ASSIGNED TASK:
Take the line containing "Kleurplaat Uit Het" through the last line of the data and retype those lines exactly. Pictures do not belong in the copy.

DATASET EXCERPT:
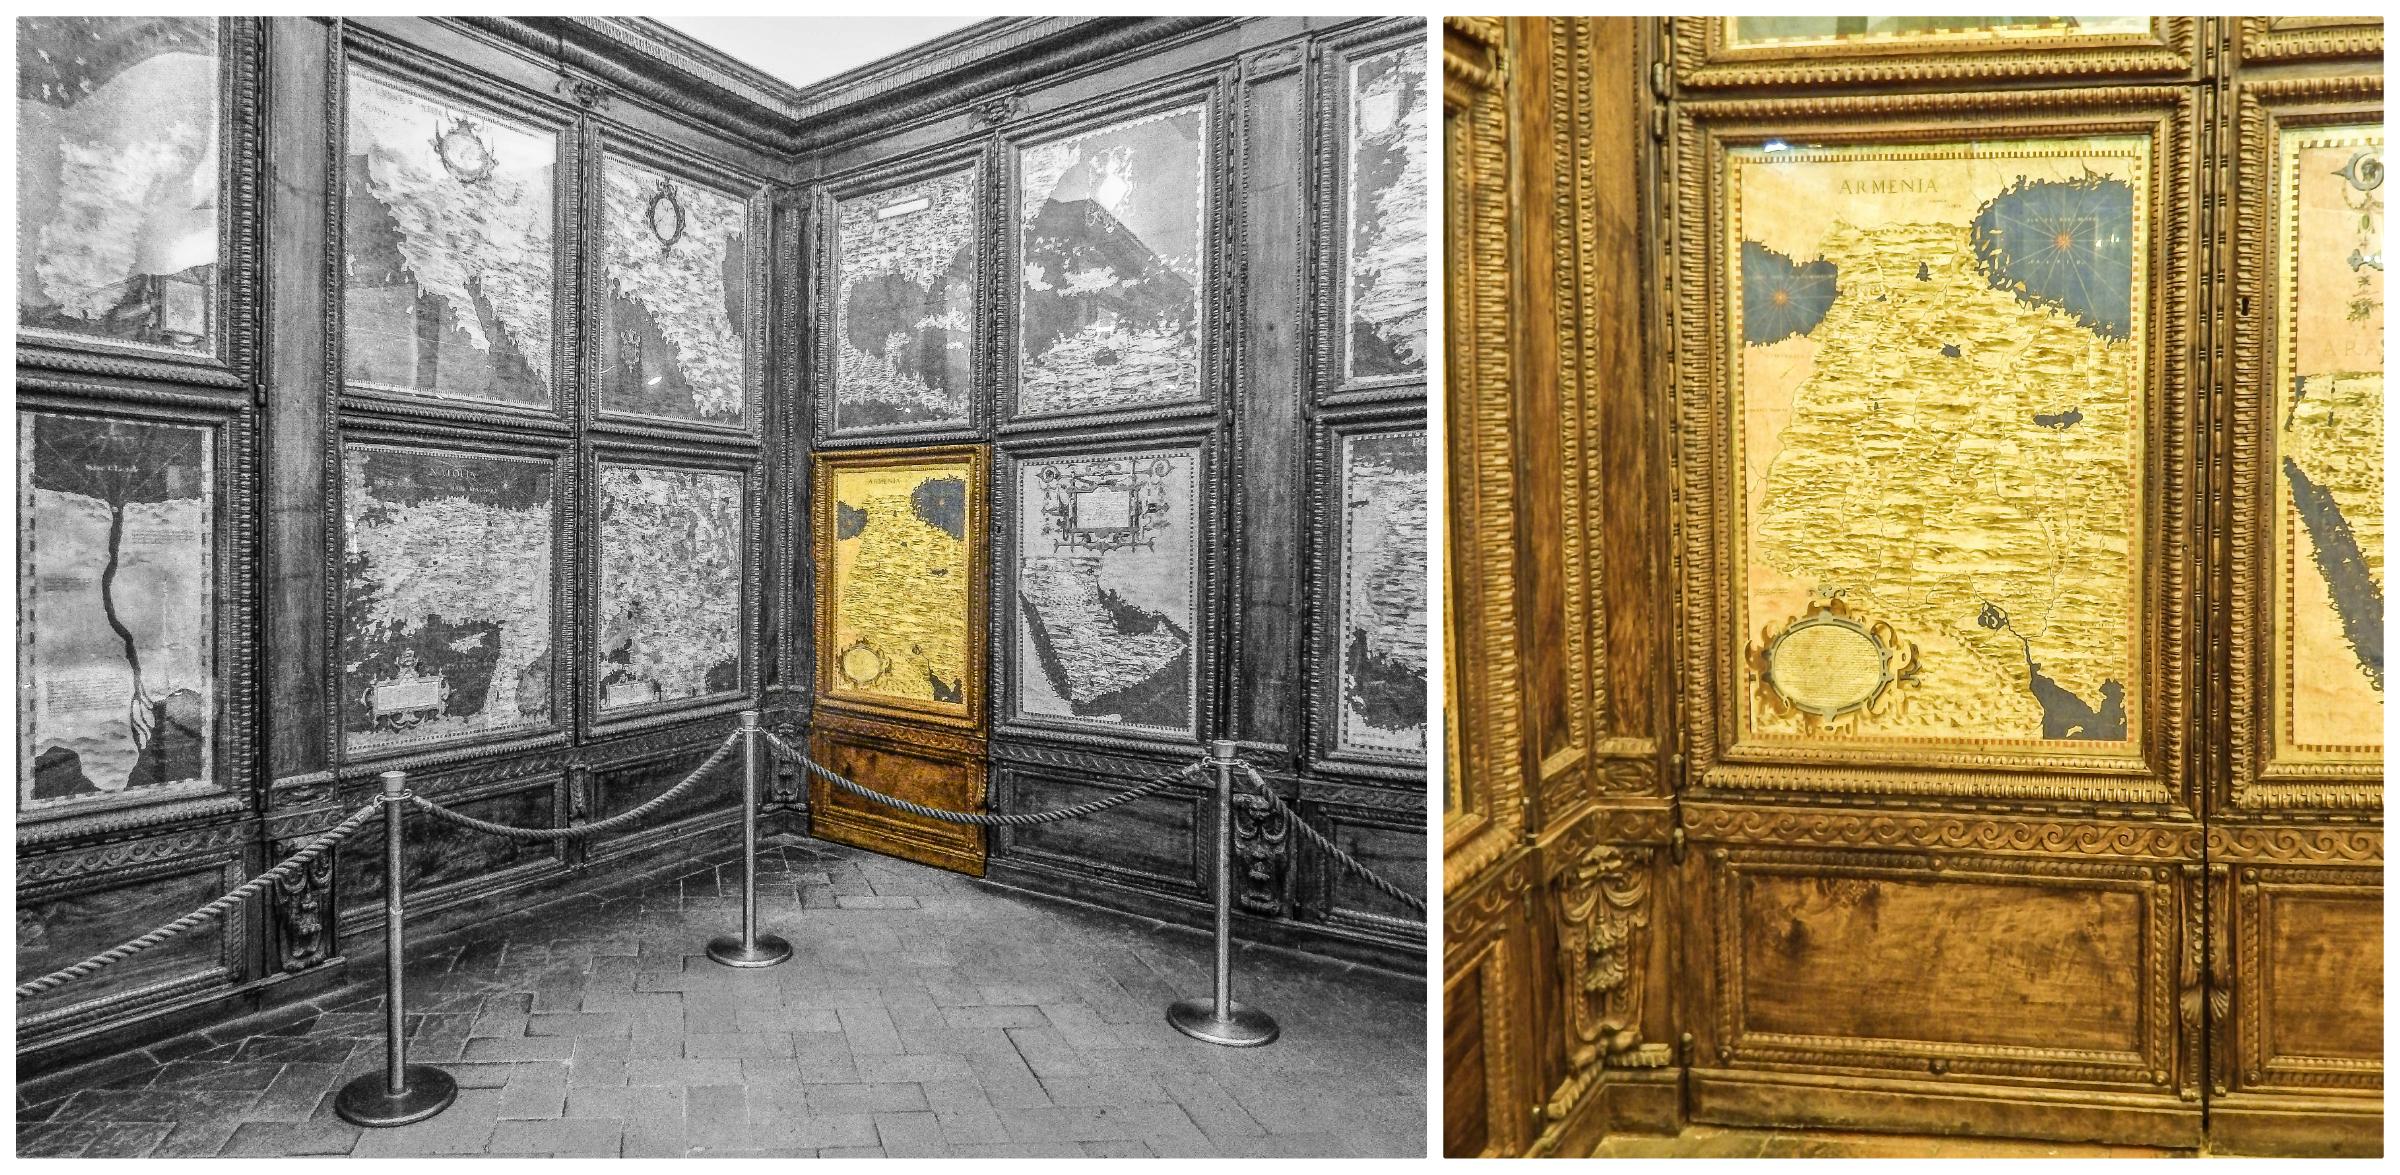 florence italy palazzo vecchio armenia map
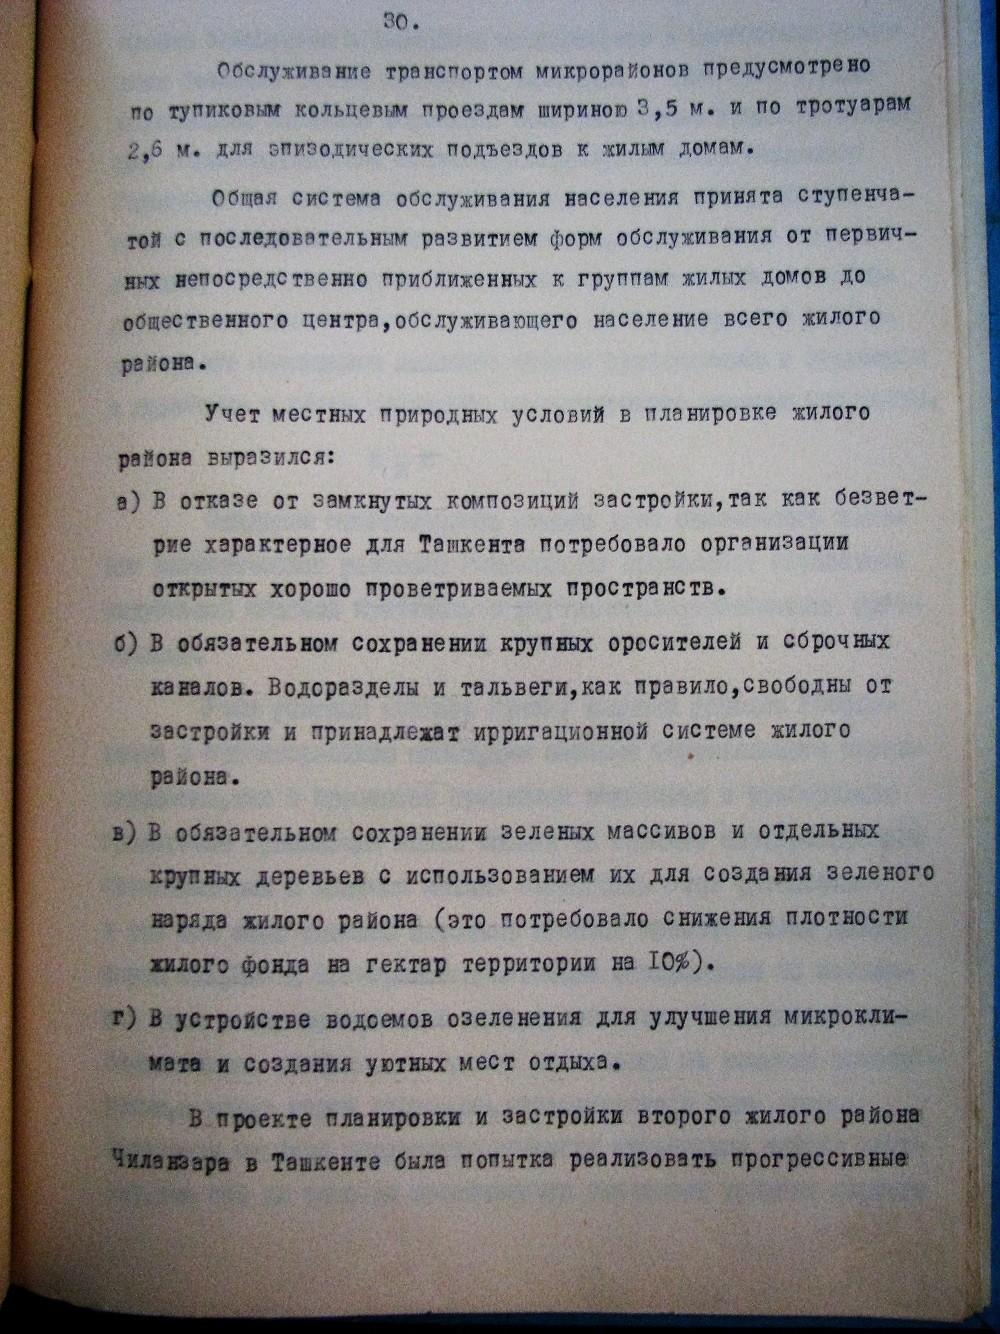 tashkent-1960-42
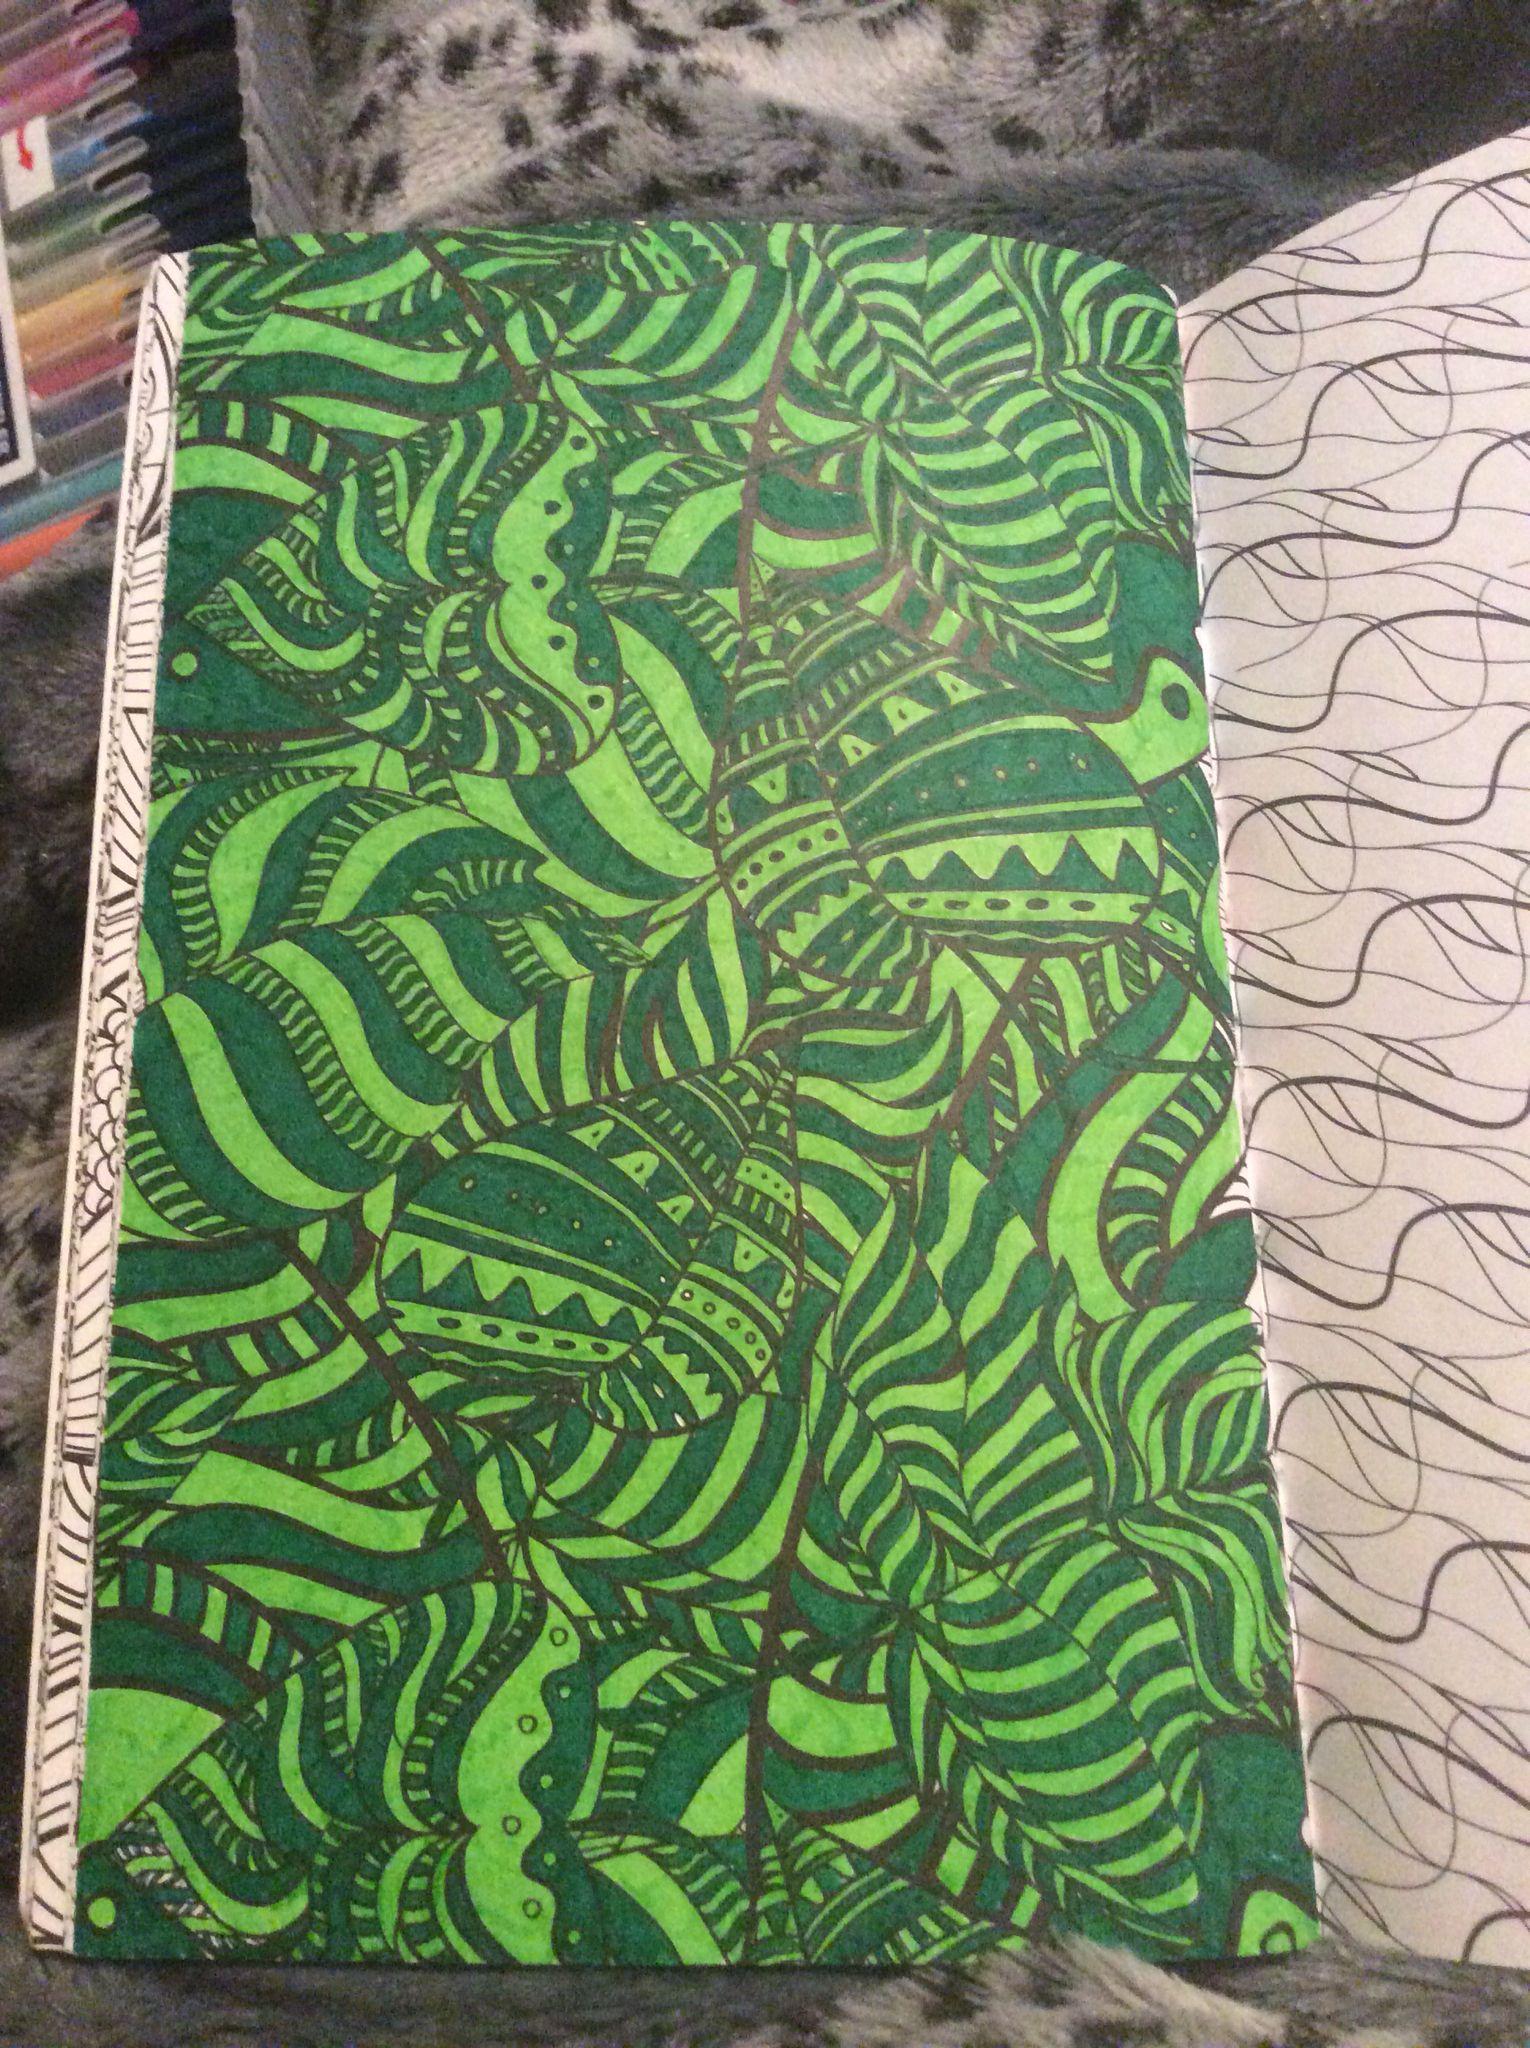 Kleurplaat Uit Het Derde Enige Echte Kleurboek Voor Volwassenen Door Aurelie Coloring Books Colorful Space Coloring Pages
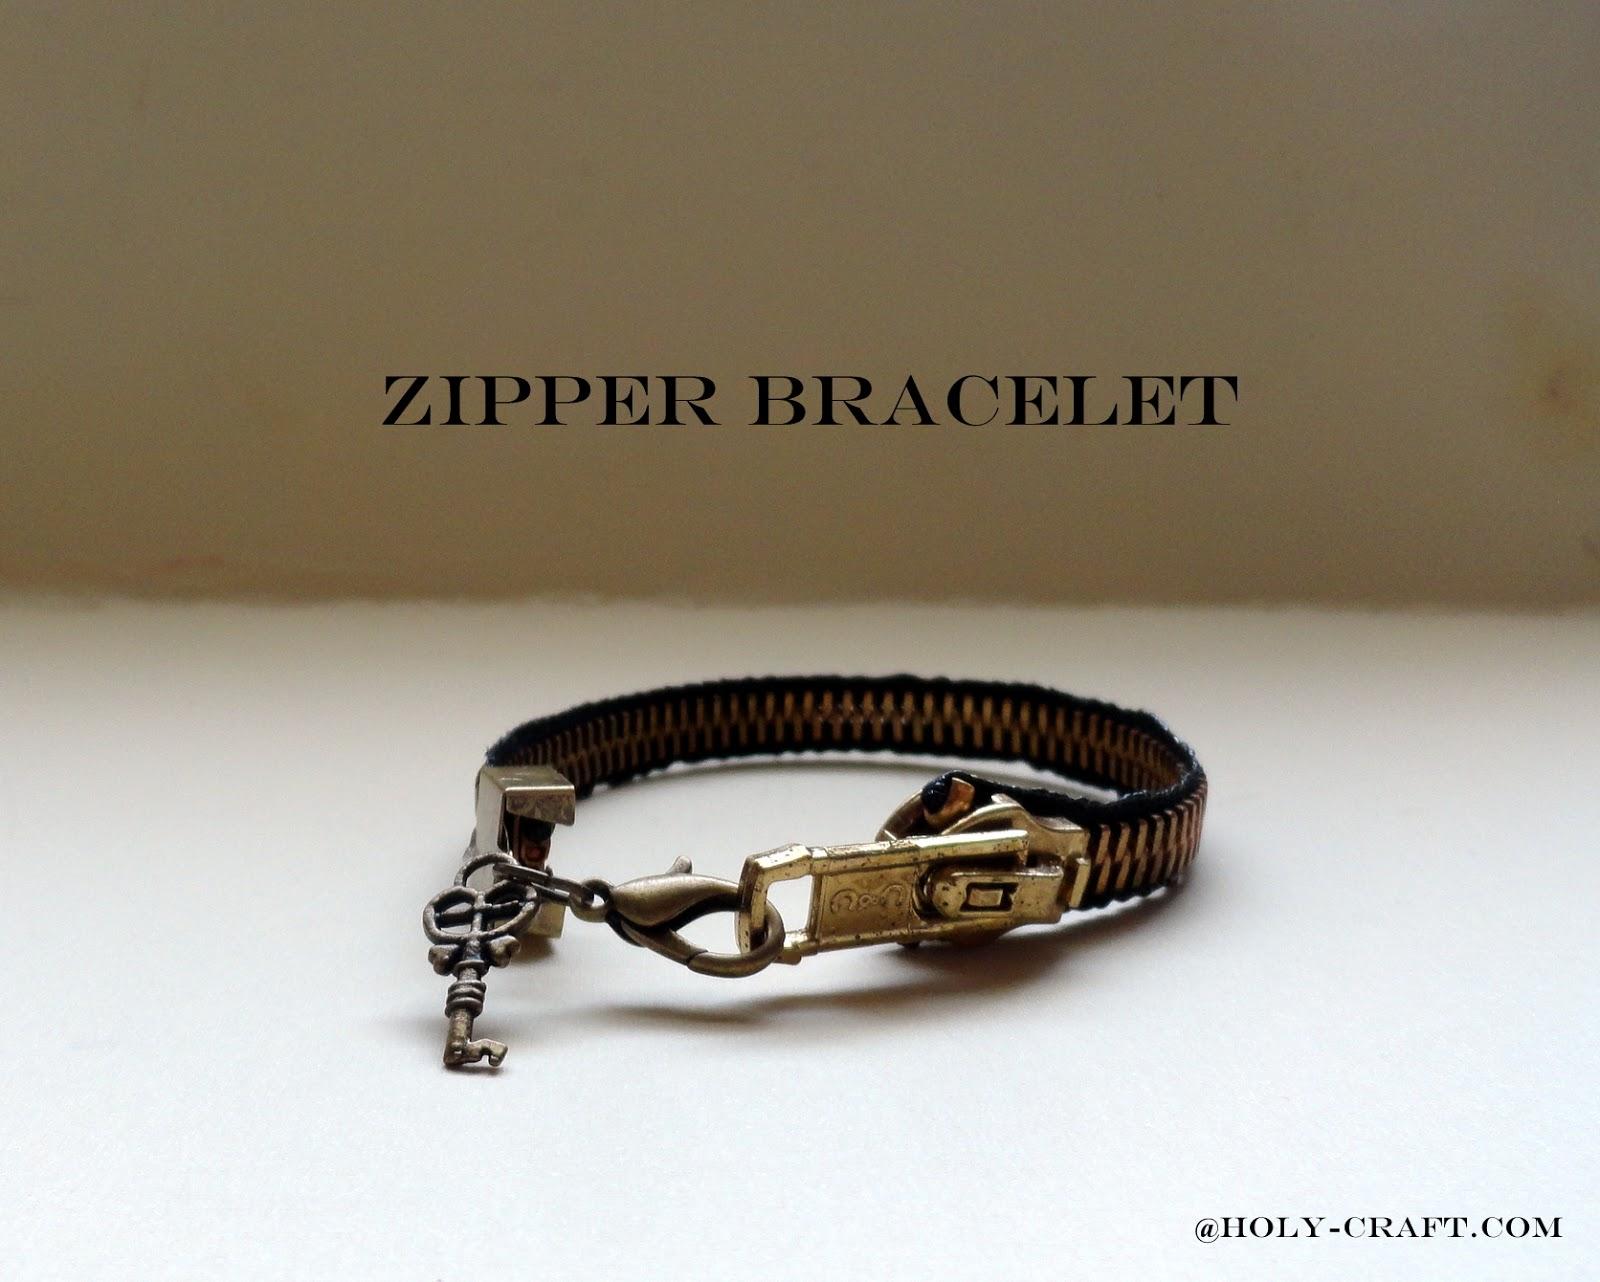 http://2.bp.blogspot.com/-WEPD2vDlDeU/U1WWagB-sYI/AAAAAAAAYqM/EzU9PW8eGX4/s1600/zipper+final.jpg

SOLUTION FOR THIS EXERCISE:
 Kleurplaat Uit Het Derde Enige Echte Kleurboek Voor Volwassenen Door Aurelie Coloring Books Colorful Space Coloring Pages
 http://2.bp.blogspot.com/-WEPD2vDlDeU/U1WWagB-sYI/AAAAAAAAYqM/EzU9PW8eGX4/s1600/zipper+final.jpg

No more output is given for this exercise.